Aunque el programa fue emitido hace un año, sólo ayer vi esta edición de Salvados de Jordi Évole, en la que, bajo el oportuno título de Cuando éramos ricos, el periodista ofrece una interesante panorámica del despilfarro de las administraciones públicas en infraestructuras en la última década.

 

El programa aporta cifras que me mueven entre la indignación y la vergüenza nacional. Obras ingentes de cientos de miles de euros que no se necesitaban, que no se usan y que son sencillamente ruinosas. España cuenta con 50 aeropuertos, frente a los 18 de Alemania, aunque el tráfico de pasajeros es mucho menor. Ni hablemos de las estaciones de AVE. Hay algunas líneas de alta velocidad que no llegan a 20 pasajeros diarios, lo que, a un coste de mantenimiento de 18.000 euros diarios, da unos 1.000 euros por pasajero y trayecto. No me tomé aún la molestia de sumar el coste de todas estas obras esperpénticas, pero el día que lo haga, tal vez veamos más claro que nuestros gobernantes se gastaron en caprichos insostenibles el dinero que ahora nos recortan en salud, educación y, muy pronto, pensiones. Porque ya no respetan ni el hasta ahora sagrado fondo de pensiones. Era de esperar.

 

Los expertos consultados por Évole hablan de una estrategia, comenzada por el gobierno de José María Aznar y mantenida por José Luis Rodríguez Zapatero, de consolidar el centralismo del Estado español conectando Madrid con todas las capitales de provincia, en esa creencia, tan castiza y tan cateta, de que una infraestructura siempre es positiva, siempre va a crear actividad y va a ser utilizada y rentabilizada. Yo añadiría que, con el dinero de todos, España se ha convertido en un país puntero en tren de alta velocidad. Me dirán que eso está muy bien. Yo me pregunto de qué nos servirá eso a los españoles una vez terminen de privatizarnos la Renfe y ésta se convierta en una multinacional más, tan predadora como la Telefónica, Endesa, Repsol…

 

Ahí está la triste realidad: autopistas carísimas que no se usan, aeropuertos sin aviones, elefantes blancos de exposiciones mastodónticas que no sirven para nada, pero siguen costando millones de euros en manutención. Decisiones torpes, electoralistas o interesadas, convenios espurios con empresarios dudosos, estaciones de AVE que pasan casualmente por desiertos en los que destacados personajes del gobierno de turno tienen propiedades, y una larga lista de despropósitos que configuran nuestro disparate nacional.

 

El Gobierno presenta sus medidas como inevitables, como si nos enfrentáramos a una catástrofe natural  y no a las consecuencias de dos décadas de políticas equivocadas e irresponsables. ¿Responsabilidad?
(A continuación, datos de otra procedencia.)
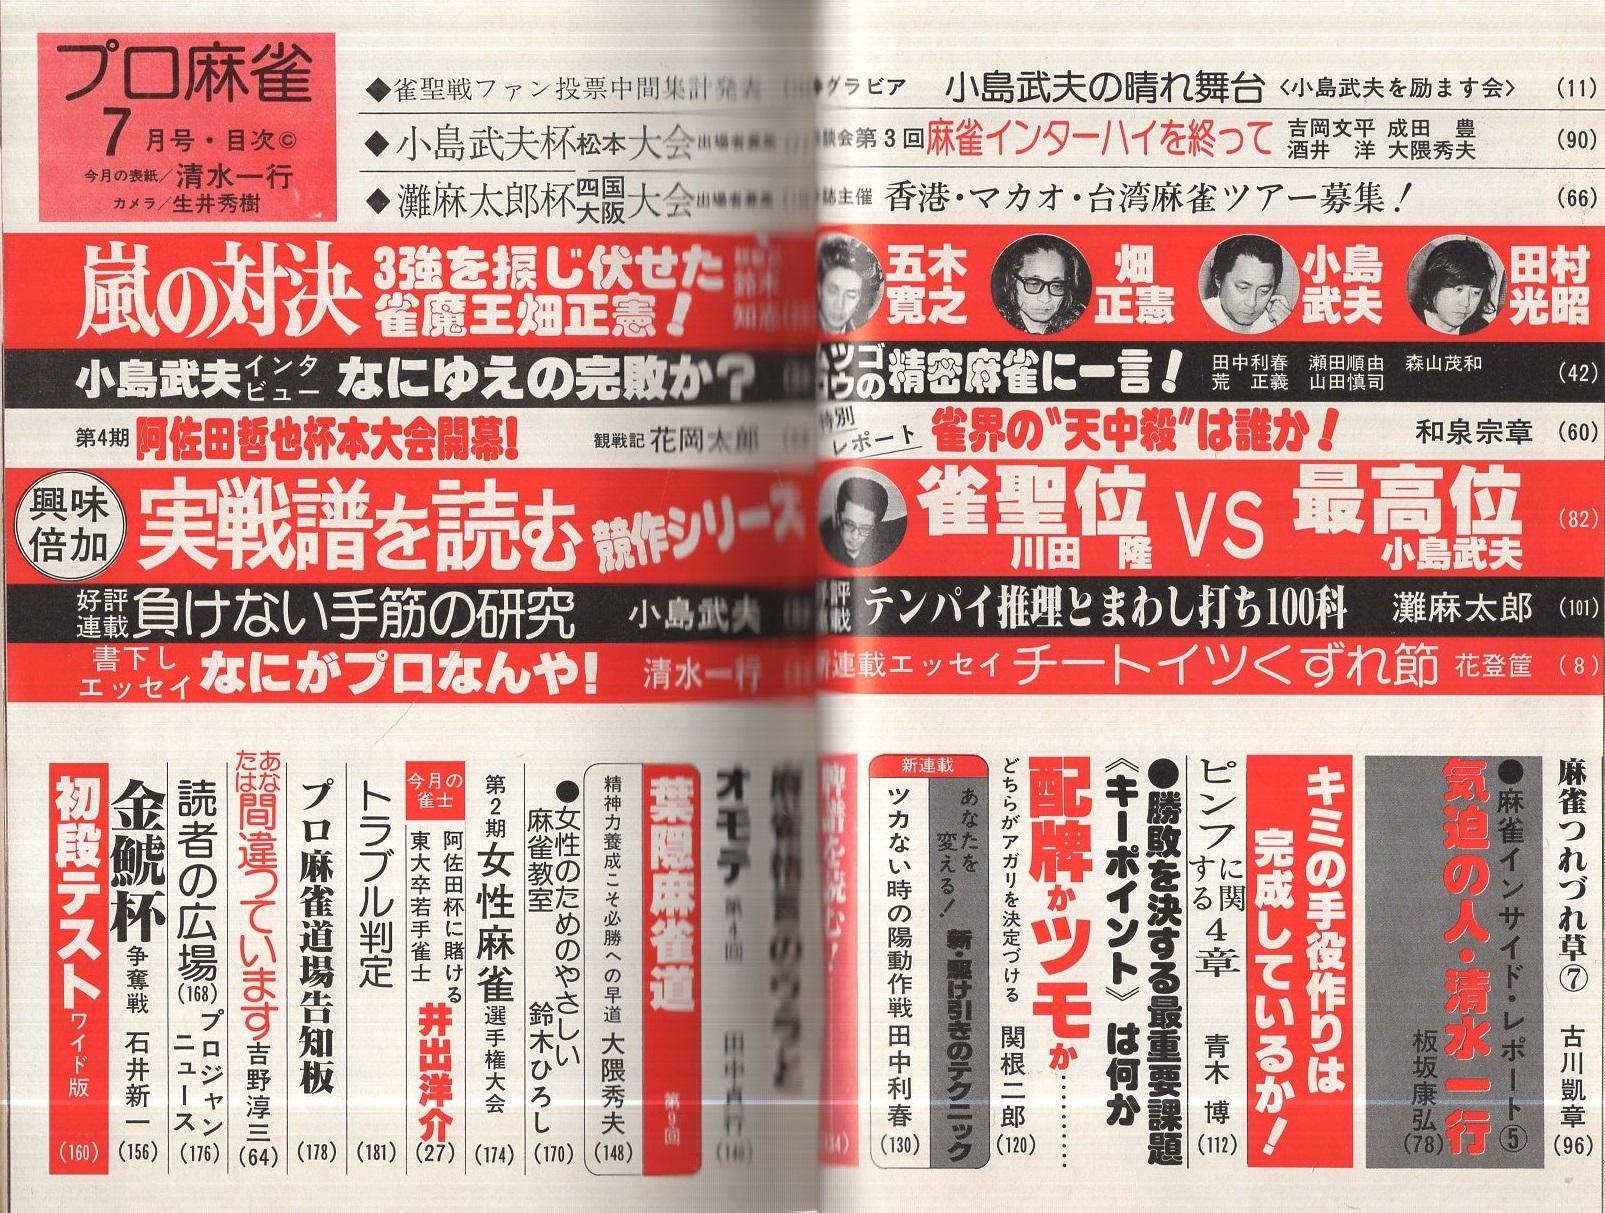 プロ麻雀 昭和54年7月号 表紙モデル・清水一行(〈嵐の対決 3強を捩じ ...

Aquí nadie reconoce haber cometido un mínimo error. Alcaldes y diputados aseguran sentirse orgullosos de esas infraestructuras inútiles que nos endeudaron hasta las cejas. Tal vez tengan motivos de estar orgullosos: a ellos les salió bien, al fin y al cabo. Esas obras les dieron en su día rendimientos electorales, y los que pagan los platos rotos serán otros. Los de siempre.

 

Ha ido calando, afortunadamente, la idea de que las entidades financieras han jugado a los casinos con el dinero de nuestros ahorros, y una amplia mayoría de los españoles –por mucho que Mariano Rajoy los quiera considerar una minoría ruidosa, frente a esa “mayoría silenciosa” que no se manifiesta, ay- consideran extremamente injusto que las clases trabajadoras tengan que pagar ahora, con recortes de servicios públicos esenciales y subidas de impuestos, la irresponsabilidad de aquellos que continúan cobrando salarios millonarios sin contrapartida alguna. Sin embargo, hasta ahora se ha hablado menos de esos otros responsables directos de la crisis. Esos que despilfarraron el dinero de todos cuando éramos ricos.